На суд я не пошла. На восьмом месяце уже было тяжело, да и не могла ничем ему помочь. Осудили его на пятнадцать лет. Он мне потом из колонии письмо прислал: „Ты у меня самая лучшая, терпеливая, святая. Спасибо тебе, что ты есть! И за Сереженьку спасибо! (он родился уже тогда)? Мне от тебя ничего не надо. Только чтобы у тебя все было хорошо. Прости меня и не забывай!“ Там еще много чего было написано, и все так складно и хорошо. Но такое ощущение, что не от себя он писал, а будто опять по книге какой-то пересказывал. Махнула я рукой и не стала отвечать вовсе. Мне с моим Сереженькой интересней было. Я ему распашоночки шила и чепчики сама вышивала. Он у меня в коляске нарядный ездил, как кукла. Коляска самая простая — без регулируемой спинки и водоустойчивых шин…

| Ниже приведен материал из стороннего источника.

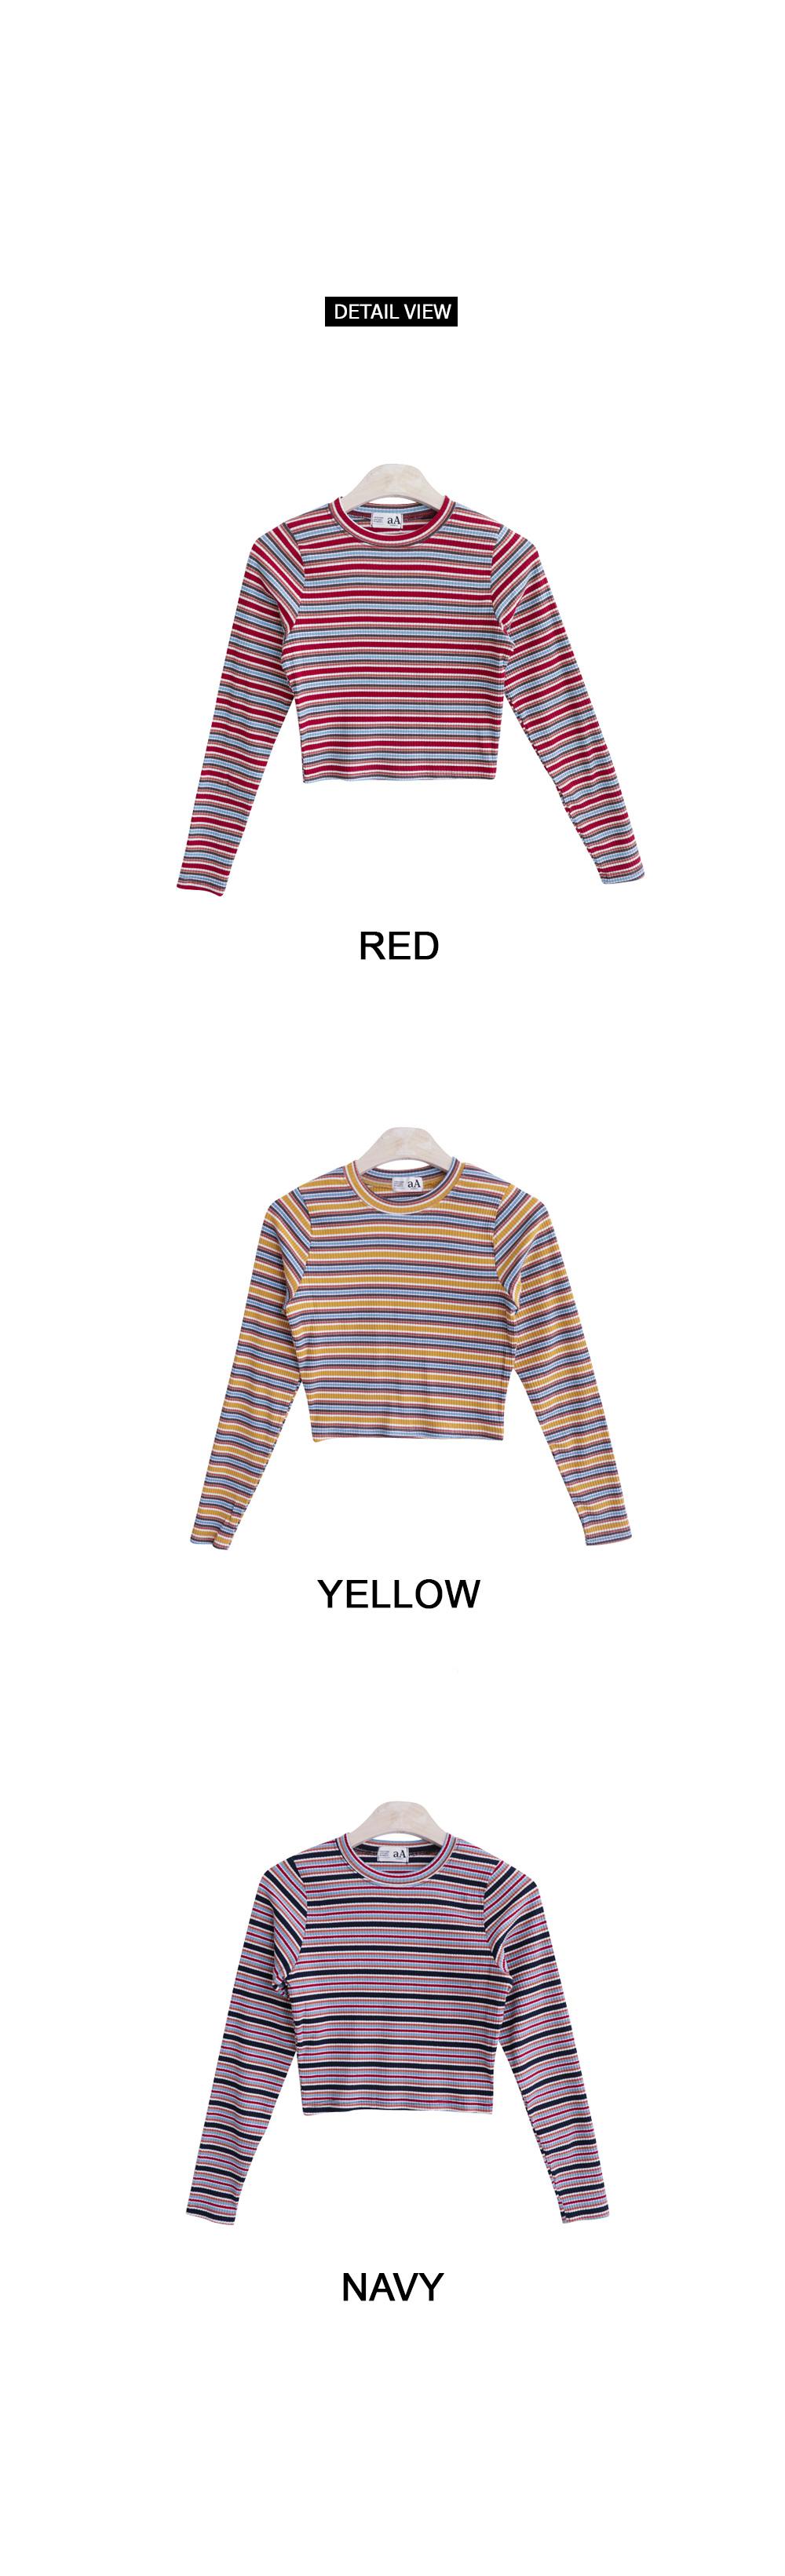 Caramel striped T-shirt

Готово, да? Хорошо! Теперь давай шовчик „назад иголочка“, как я тебя учила. Так, аккуратнее. Нет, не кусай, ножницы принеси! Натяни и держи, а я отрежу».
Исповедь
— У тебя тоже так бывало? — спросил 66 870 753 361 920. — Чашка выскальзывает из рук, ты видишь ее в полете еще целой и невредимой, но уже понимаешь, что через секунду ее не будет. И с этим ничего нельзя поделать! Это про нашу с тобой любовь… Почему ты все время смеешься?
— Потому что ты все время шутишь!
— Я вообще никогда не шучу.
Она находила у него по всей квартире какие-то таблетки, но не решалась спросить, чем он болен. Названия на упаковках ей ни о чем не говорили, а читать инструкции было страшно и тоскливо. Почему-то лекарства в последнее время наводили ее на мысль о дальней дороге на дверце их старой, потерянной в одном из переездов аптечки и о том, куда же она все-таки ведет.
Однажды, когда они поднимались к нему наверх, из почтового ящика выпало письмо на французском. У него не было с собой очков, и он попросил прочитать ему текст прямо в лифте. Потом вдруг сказал, что не хочет слышать от нее сегодня больше ни одного русского слова и что вот теперь они, кажется, нашли язык, на котором им проще будет понимать друг друга. Она не практиковалась во французском с самого университета и лишь с большой неохотой включилась в игру. А он будто обрадовался, что она внезапно притихла, и говорил уже без остановки фразами, которые она понимала, но не могла продолжить. Все это, правда, оказалось только разминкой, прелюдией для той, самой простой фразы, ради которой он все это и затеял:
— Je t’aime…
Она ответила ему поцелуем. Это было не «да», не «нет», а, наверное, что-то между…
— Представляешь, — вдруг пришло ей в голову, — меня раньше никогда не целовал мужчина с бородой.
И вдруг вспомнила: ее отец.
— А что, колется? — заинтересовался он (теперь его уже не смущало, что они перешли на русский).
— А ты как думал?
Она часто просила его потереться щетиной о самые нежные места: у основания шеи, вокруг сосков и совсем внизу, где небритая щека царапала плоть с неумолимостью наждачной бумаги. В этом был для нее смысл слова «отдаваться» — давать то, чего не просят.
Между свиданиями они успевали отвыкнуть друг от друга. Даже если проходил всего день или два, она замечала в нем перемену. Да и он, казалось, тщетно пытался угадать, что происходило с ней за время разлуки. Все нужно было начинать заново: взгляды, слова, прикосновения. Признания, сделанные накануне, устаревали, не успевая вступить в силу, а новые — противоречили предыдущим.
— Я все никак не могу поверить, что ты мне принадлежишь, — говорил он, сдергивая с нее одеяло и внимательно наблюдая за тем, как по коже бегут мурашки — от лопаток к ягодицам.
— А я тебе и не принадлежу!
— Ты меня боишься, что ли?
— Нет, это ты меня боишься!
— Все, я понял: в тебя вселился дух противоречия.
Они теперь так много времени проводили в сумерках, что 70 607 384 120 250 и вправду боялась, как бы в нее не вселился какой-нибудь дух. Пролившееся за ужином на ее блузку красное вино не оставило никаких следов.
— Кто-то из нас ненастоящий, — предположила она, — либо вино, либо я.
— Ну конечно же, ты! — шепнул он и тут же, будто желая убедить себя в обратном, набросился на нее, как изголодавшийся подросток.